What you return must be the data below, word for word, without any images.

Given information
· · ·

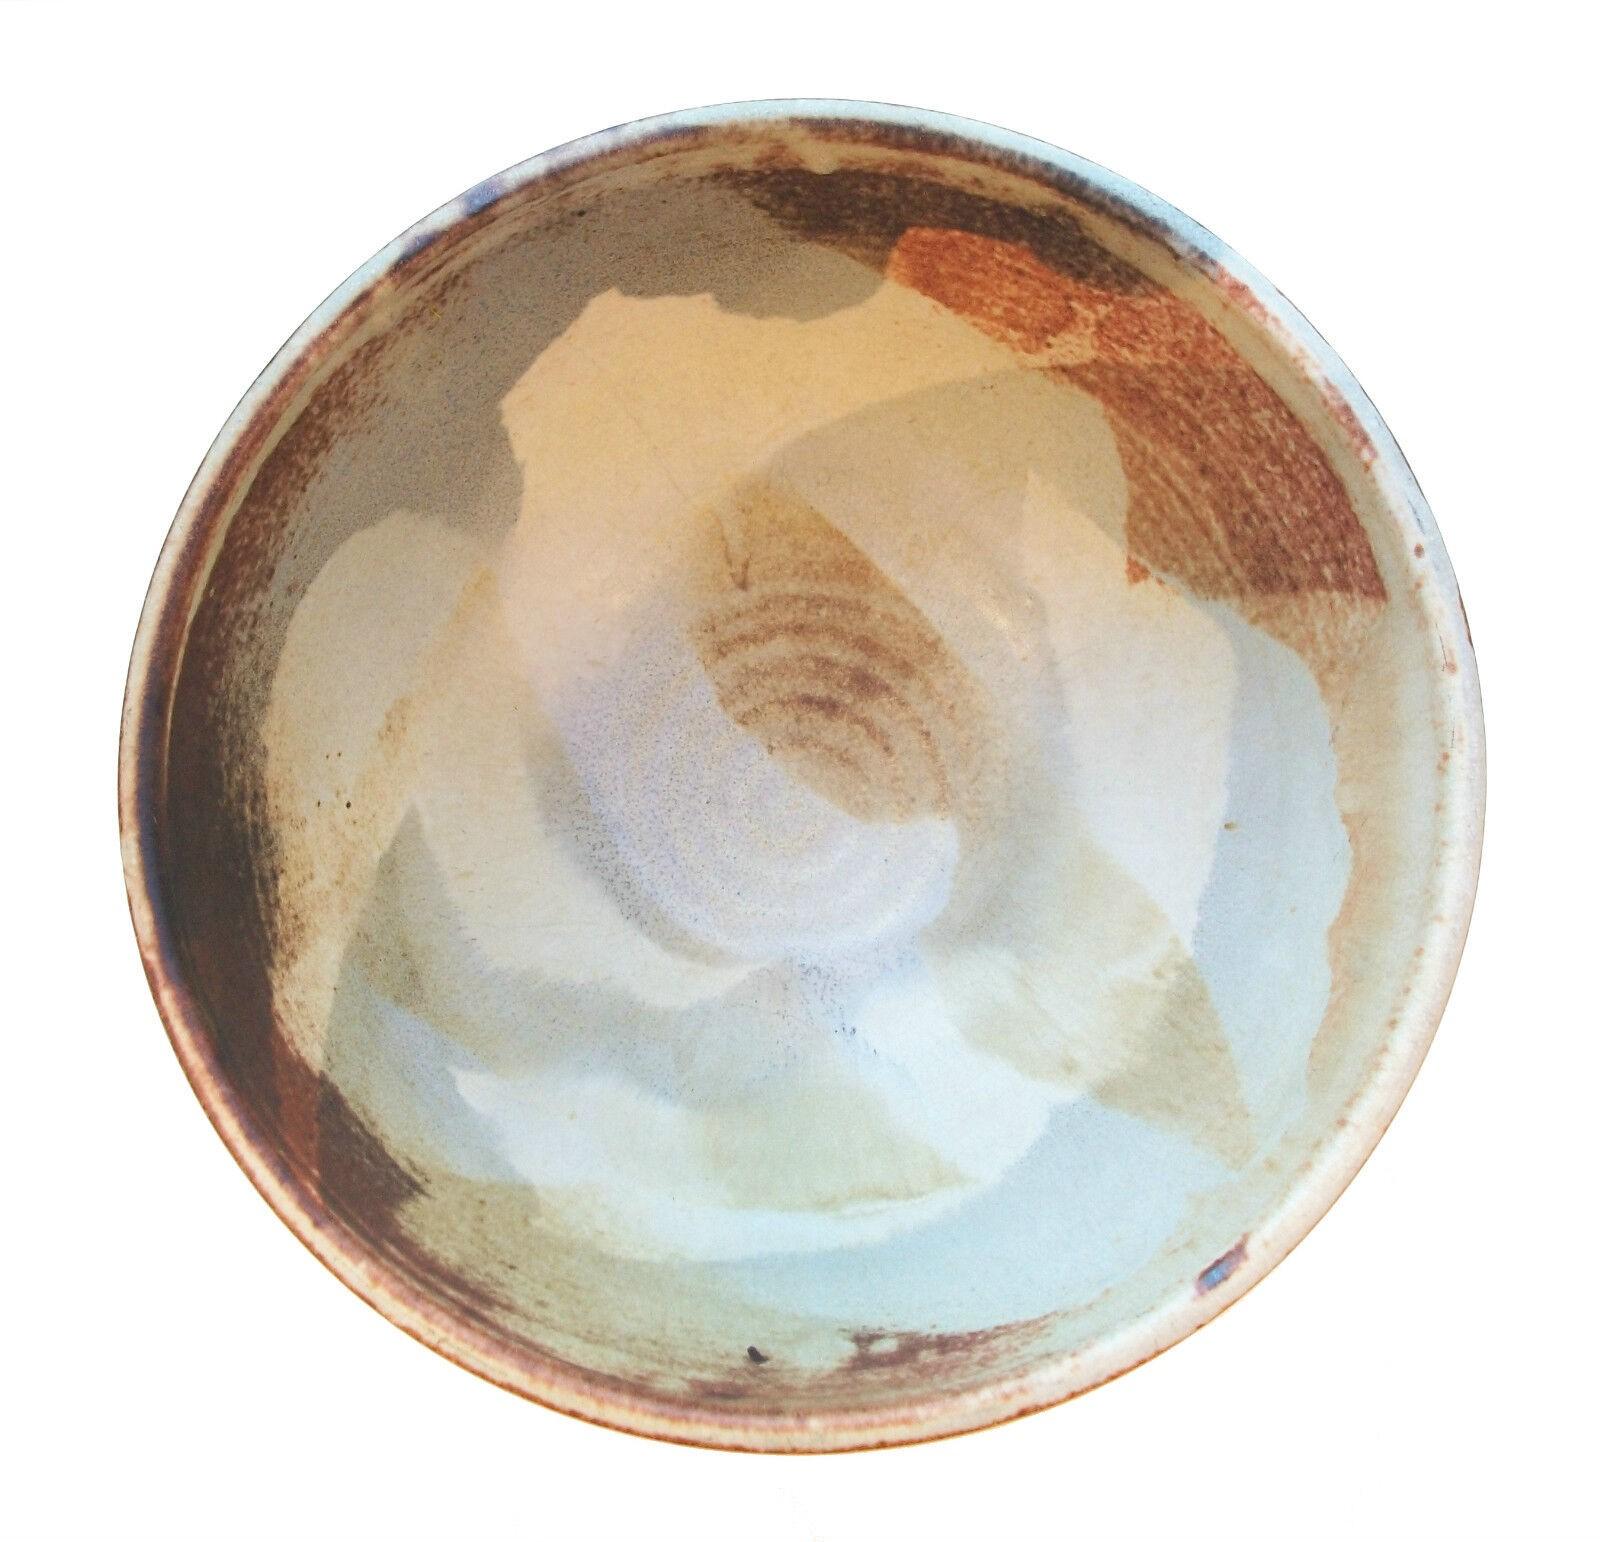 LOUISE MACNAB - Vintage Studio pottery center bowl - großformatig - auf der Drehscheibe gedreht - Spritzglasurdekor - signiert auf dem Sockel - Kanada - Ende 20.

Ausgezeichneter Vintage-Zustand - Brandriss am Sockel (der die Integrität der Schale
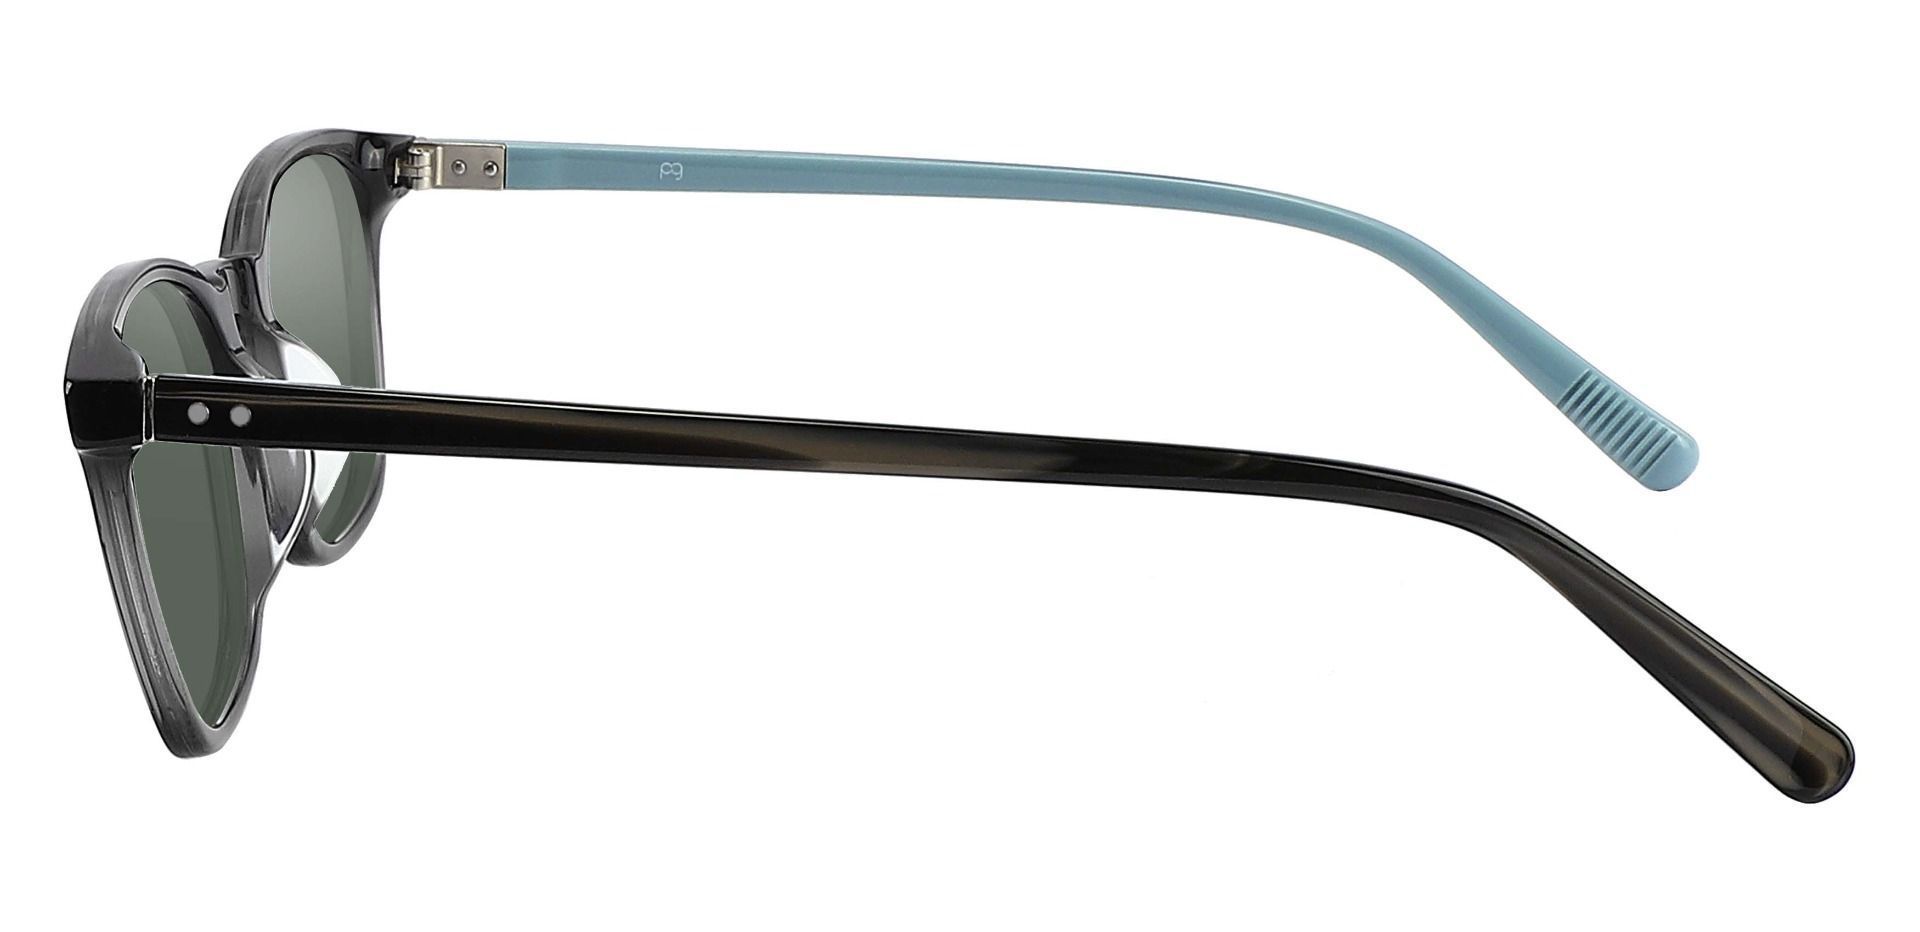 Alonzo Square Prescription Sunglasses - Gray Frame With Green Lenses
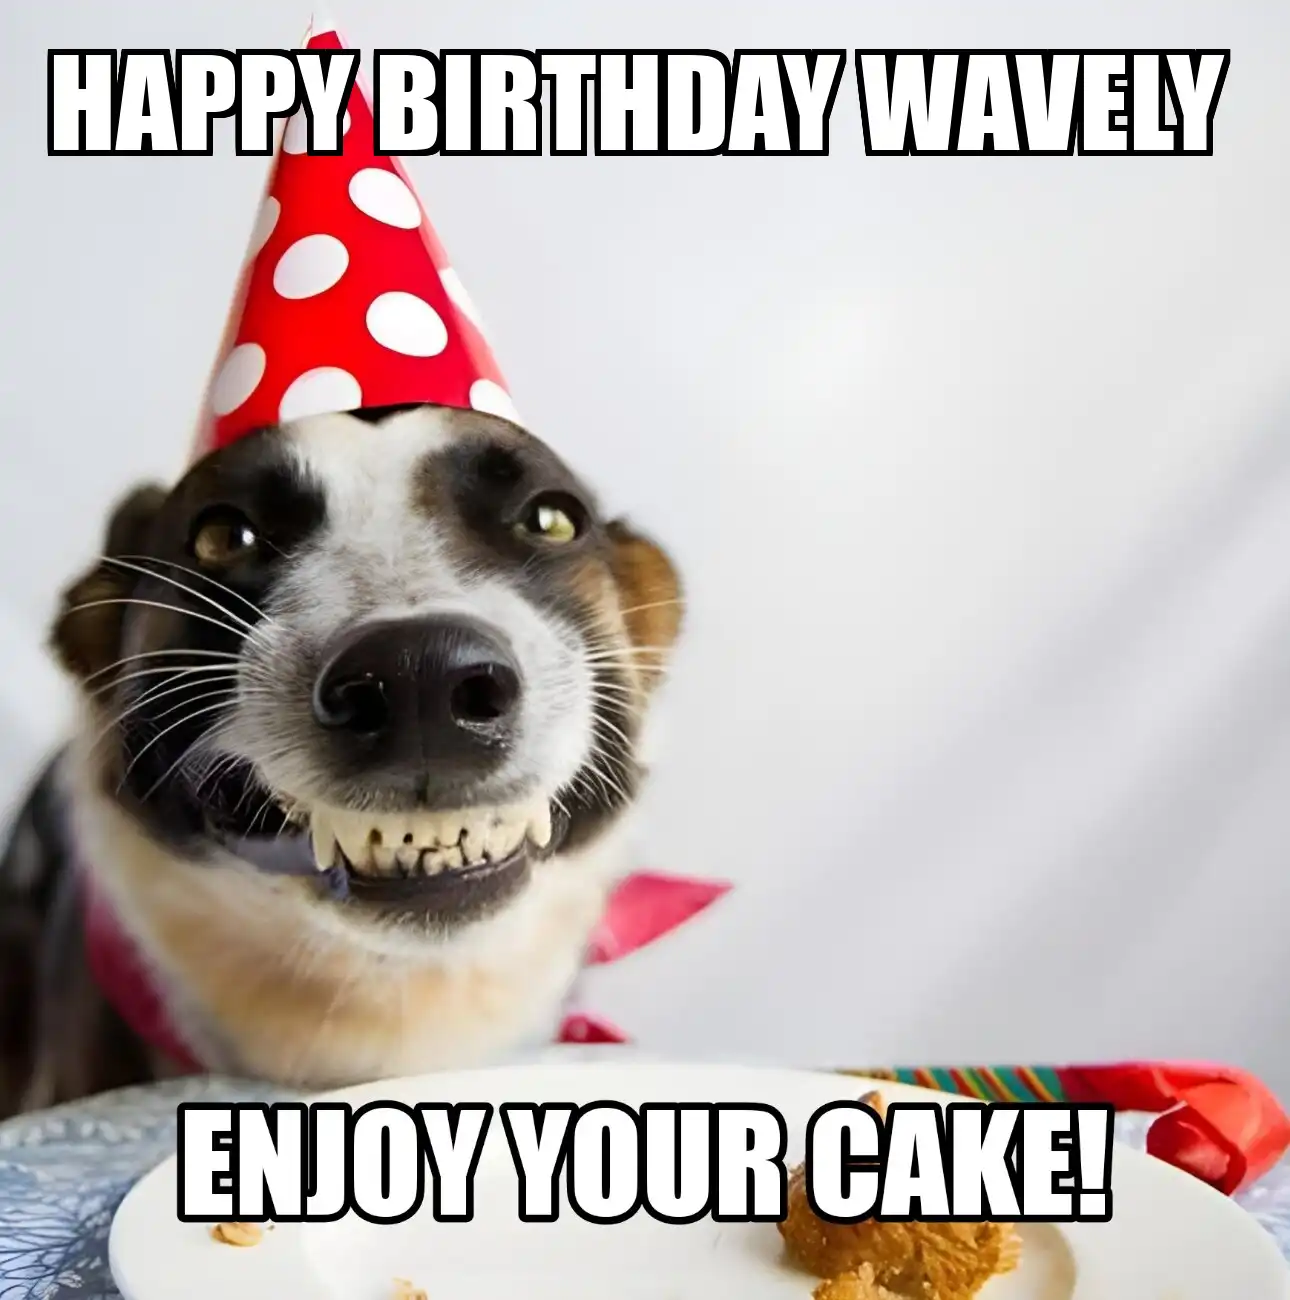 Happy Birthday Wavely Enjoy Your Cake Dog Meme

· · ·

Result
 LOUISE MACNAB - Vintage Studio pottery center bowl - großformatig - auf der Drehscheibe gedreht - Spritzglasurdekor - signiert auf dem Sockel - Kanada - Ende 20.

Ausgezeichneter Vintage-Zustand - Brandriss am Sockel (der die Integrität der Schale
 Alonzo Square Prescription Sunglasses - Gray Frame With Green Lenses
 Happy Birthday Wavely Enjoy Your Cake Dog Meme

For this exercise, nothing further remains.